Playing everyone in the league once -- and radical realignment based on geography later -- is bad for travel, despite MLB claiming the opposite. And it's bad for TV times. It's also bad for attendance and bad for fairness.
TRAVEL
You're eliminating nearby road division games (2 of them), so you can play half the other league on the road too (farther distances).
You're also shrinking league series by a game to create more road series vs interleague opponents. Aka, you're playing MORE SERIES TOTAL, which is more flights; more time on airplanes.
TV TIMES.
You're going from 5 road series to the opposite division (W vs E, E vs W) to 7 one year, 8 the next.
The West teams are going from 12 road series vs the teams in East/Central divisions to 15.
Literally everyone in baseball gets more road games at 4 pm, 5 pm, 9 pm or 10 pm and less at 7 pm.
FAIRNESS
By reducing the number of four game series and playing more 3 and more 2 game series, you're increasing the chances someone misses an opponents' best starter.

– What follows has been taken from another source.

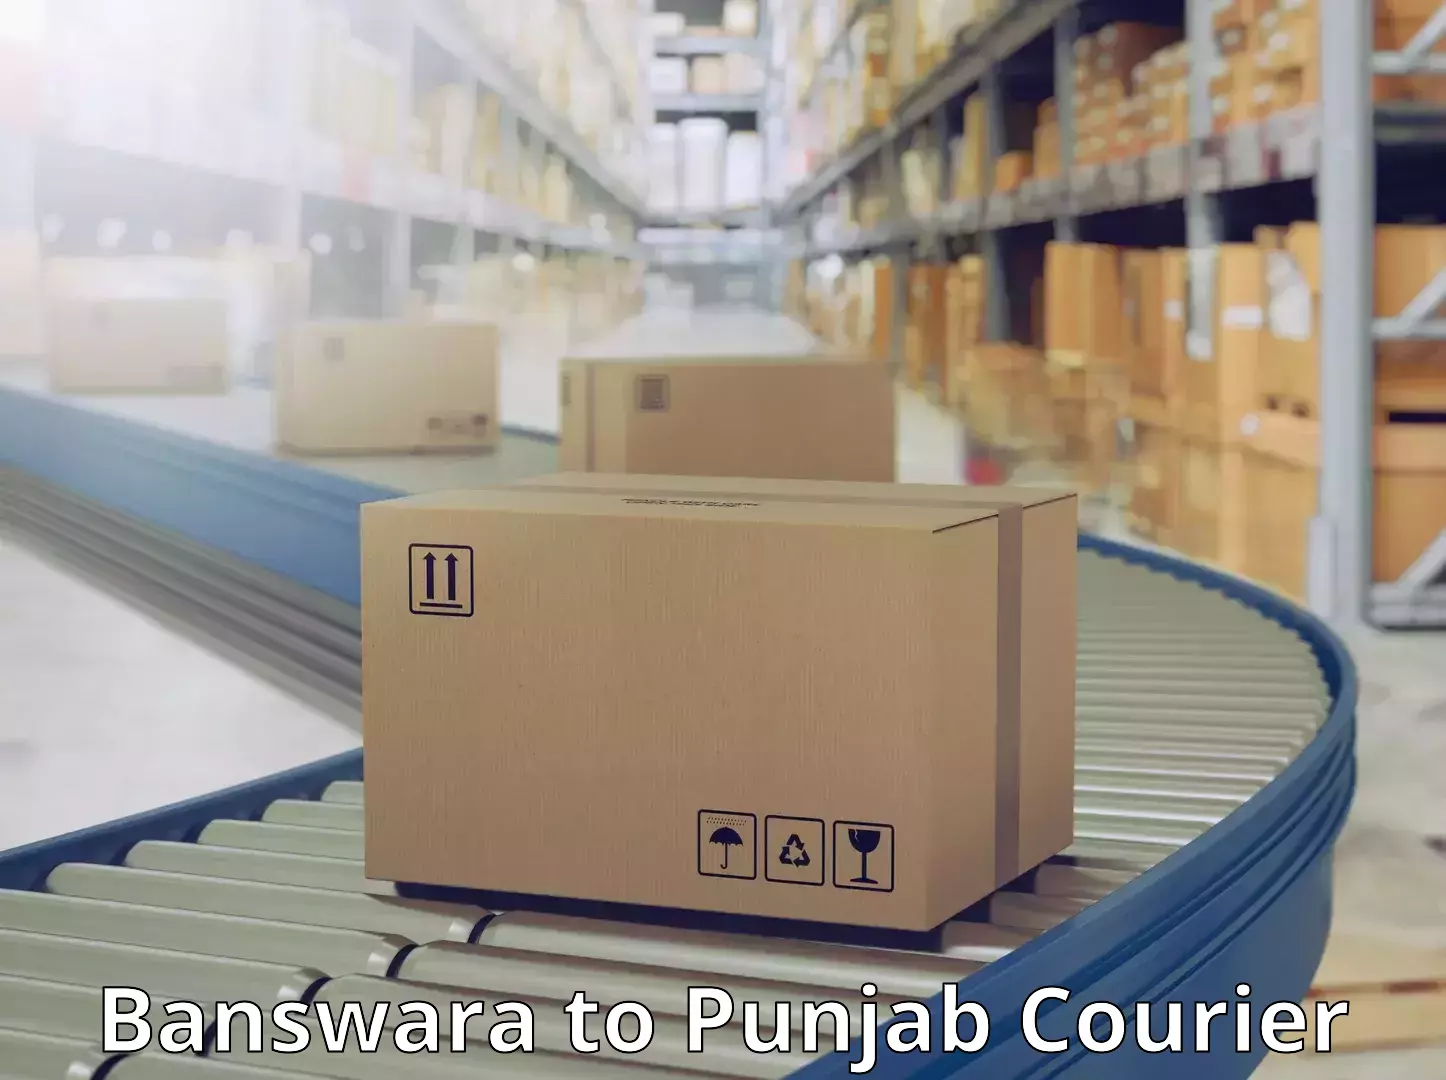 Affordable parcel service Banswara to Batala

Huge difference between facing the Mets' Scherzer, deGrom and Bassitt vs the Mets Walker, Peterson and Williams.
Yes, everyone plays everyone now, which SOUNDS fairer, but it's now WHEN you play a team is going to matter a lot more. Baltimore, Seattle, Arizona... those teams were terrible in April, but are playing really good now. The Braves were mediocre the first two months and are playing .800 baseball now. While San Francisco, Milwaukee, LA Angles, NY Yankees... those teams were a lot better the first half of the season than the second.
ATTENDANCE
The reason that some interleague series draw really well is because those series are special events that happen once a year, or once every six years. You circle your calendar because if you don't go see Trout/Ohtani NOW, you've got to wait six years.
We can see this with Houston and Texas. Houston switched leagues. Here's average attendance for HOU vs TEX (both stadiums combined; removing COVID and Hurricane effected series) over 8-year spans
Both in AL: 31,293 (139 games from 2013-2019, plus 2022)
Interleague: 36,743 (48 games from 2005-2012)
And that's an in-state rival for bragging rights.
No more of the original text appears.